SSH access to cluster nodes

SSH is a Secure Shell protocol that encrytps all data streams. It is available on almost any platform.

Windows

  1. Download the MobaXterm SSH client for Windows.
  2. Run the installer and follow the instructions.

This will provide you with an ssh command prompt. You can now connect following the instructions below.

Mac OS X

The default shell in all versions of Mac OS X is Bash, so no need to install anything. You access Bash from the Terminal (found in /Applications/Utilities). You may want to keep Terminal in your dock for this workshop.

Linux

The default shell is usually Bash, but if your machine is set up differently you can run it by opening a terminal and typing bash. There is no need to install anything.

Git

Git is a version control system that lets you track who made changes to what when and has options for easily updating a shared or public version of your code on github.com. Ever wanted to make backups of your files? Git allows you to effectively maintain every version of every file in a project. You will need a supported web browser to access GitHub (current versions of Chrome, Firefox or Safari, or Internet Explorer version 9 or above). You do not have to do any setup for using Git, as it is installed on the systems we will work on. If you wish, you can install Git on your personal computer as well.

Text Editor

When you're writing code, it's nice to have a text editor that is optimized for writing code, with features like automatic color-coding of key words. You do not have to install a text editor, as it is installed on the systems we will work on.

Python

Python is a popular language for scientific computing, and great for general-purpose programming as well. Installing all of its scientific packages individually can be a bit difficult, so we recommend Anaconda, an all-in-one installer.

R

R is a programming language that is especially powerful for data exploration, visualization, and statistical analysis. To interact with R, we will use RStudio.

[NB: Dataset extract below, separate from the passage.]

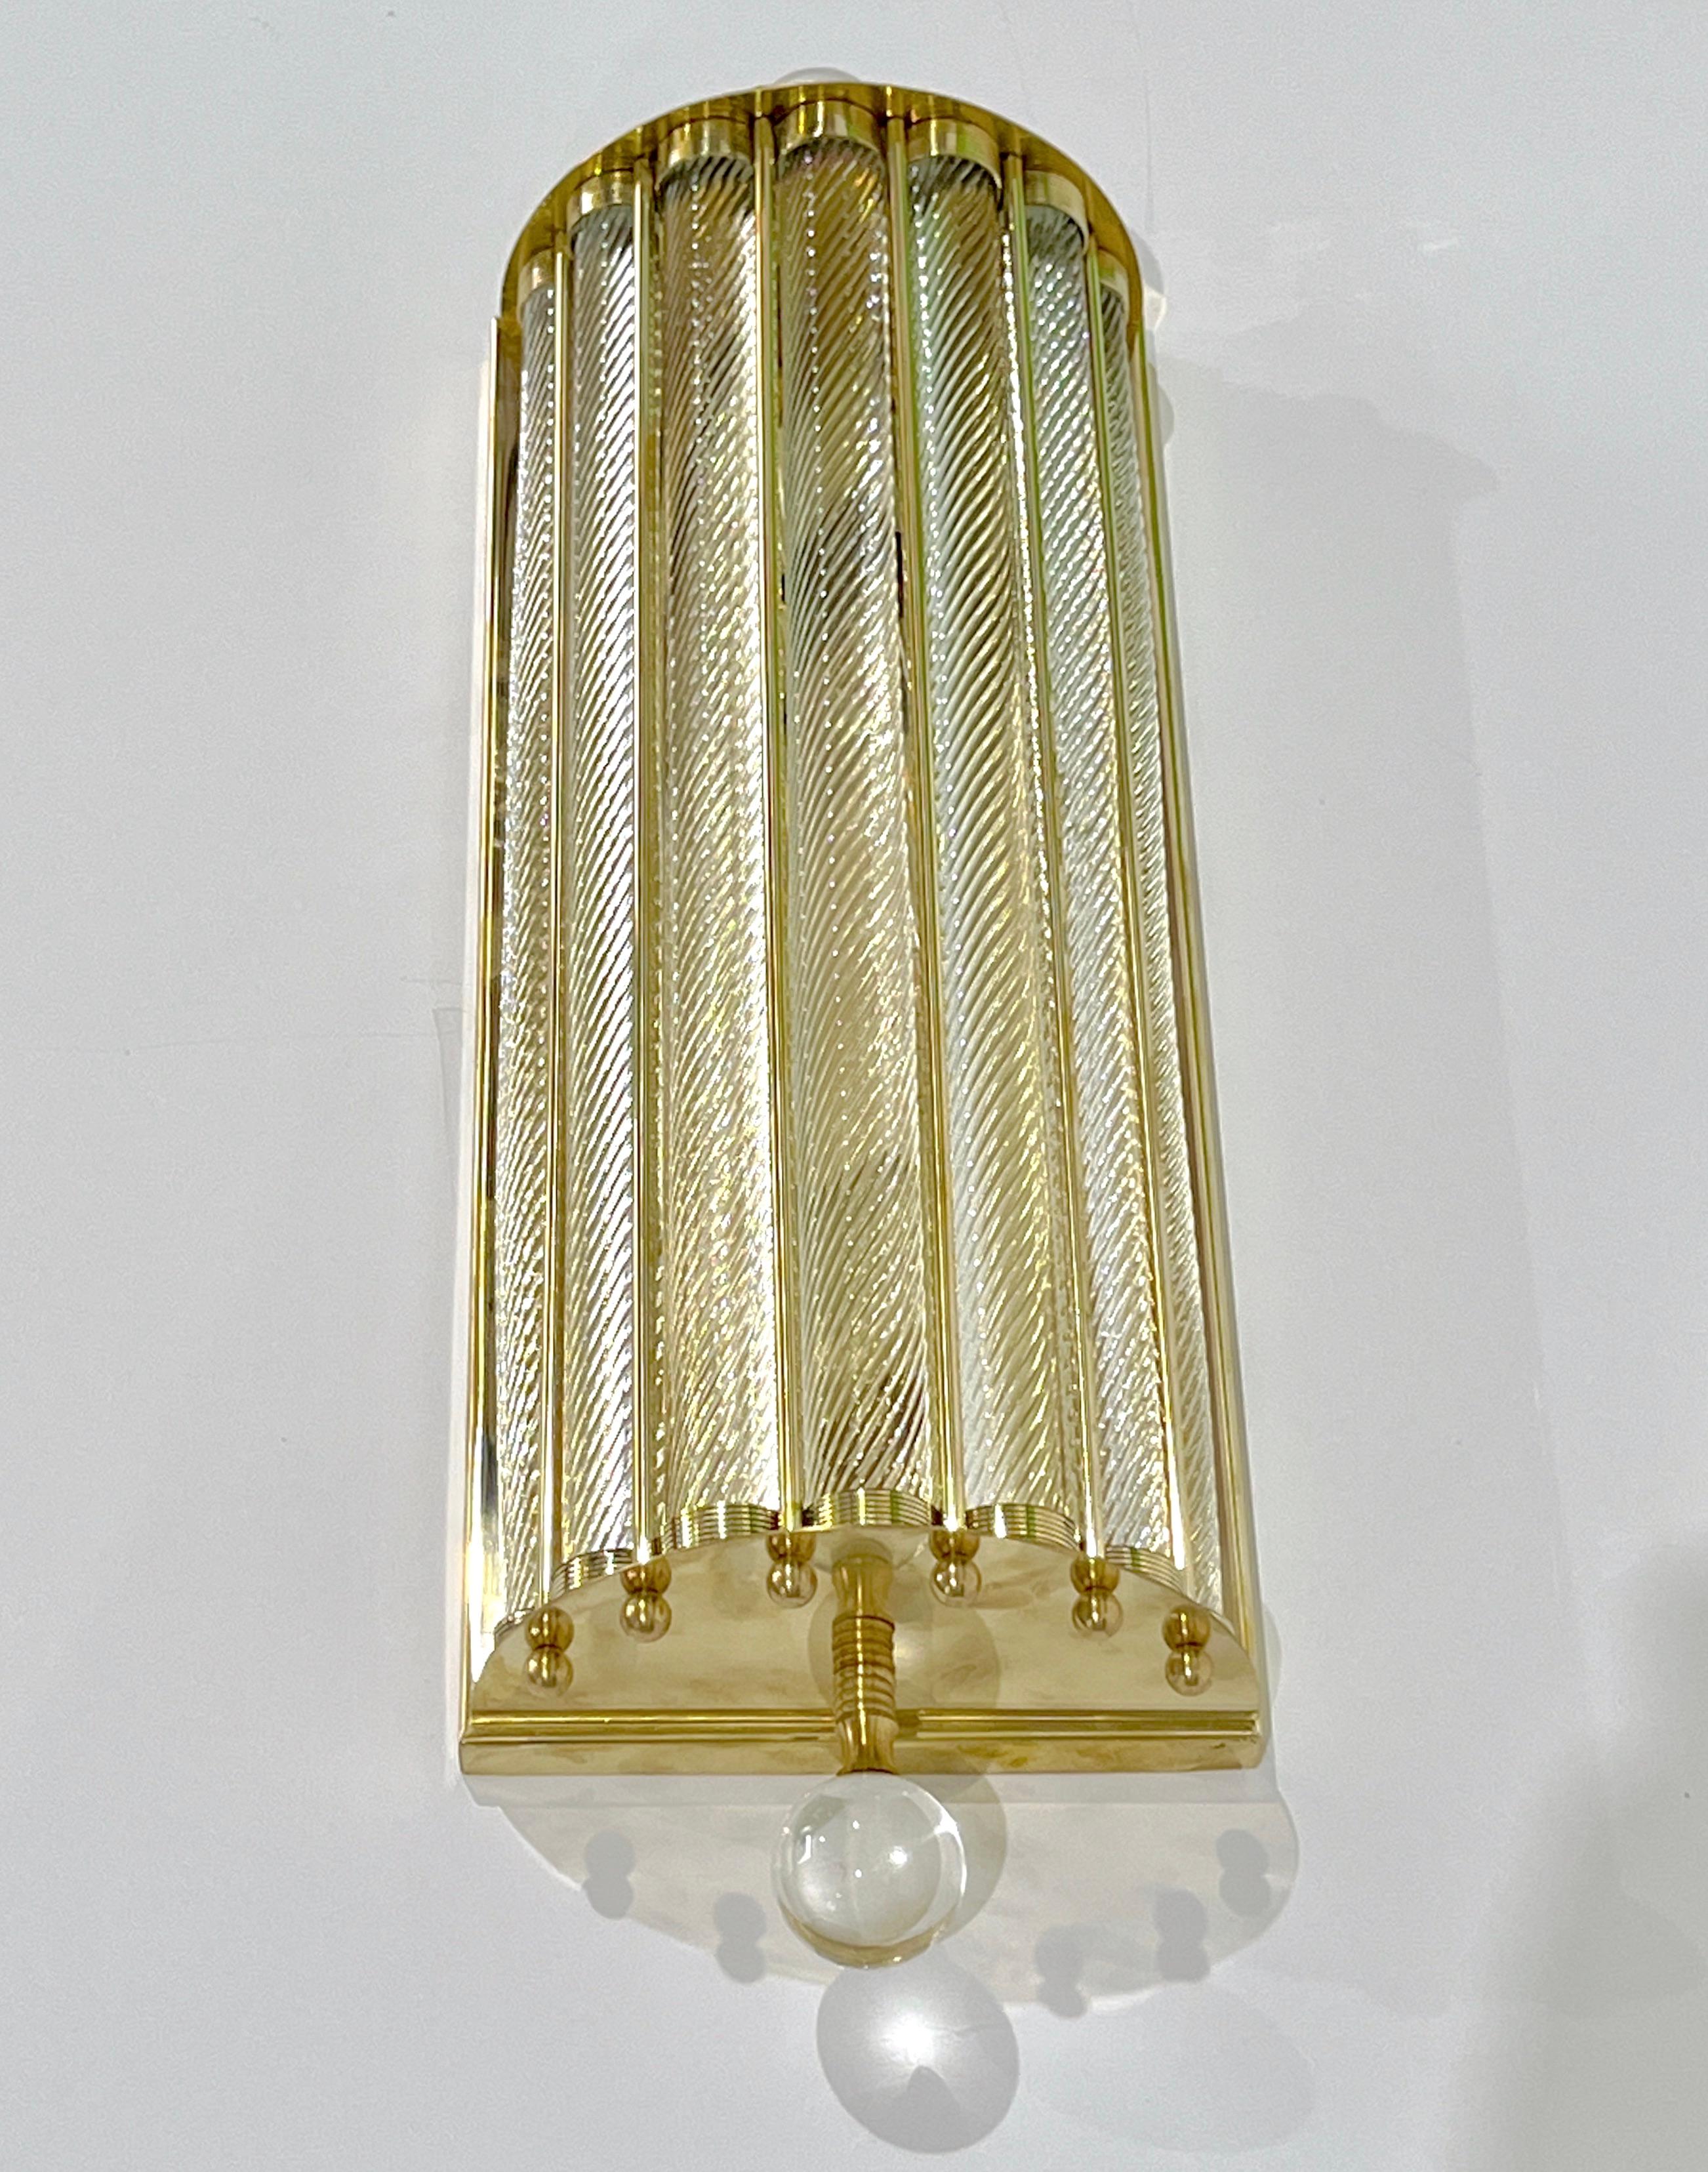 Organic Modern New Italian Art Deco Design Crystal Ball Murano Glass Half Moon Brass Sconces For Sale

To install R, you will need to install the base R distribution as well as the RStudio Release Preview. We recommend using the RStudio Release Preview over the normal version, as it provides several extra coding tools that are super helpful (like the ability to automatically check for errors in your code). Windows users should install RTools as well, as that is required for building packages on that OS.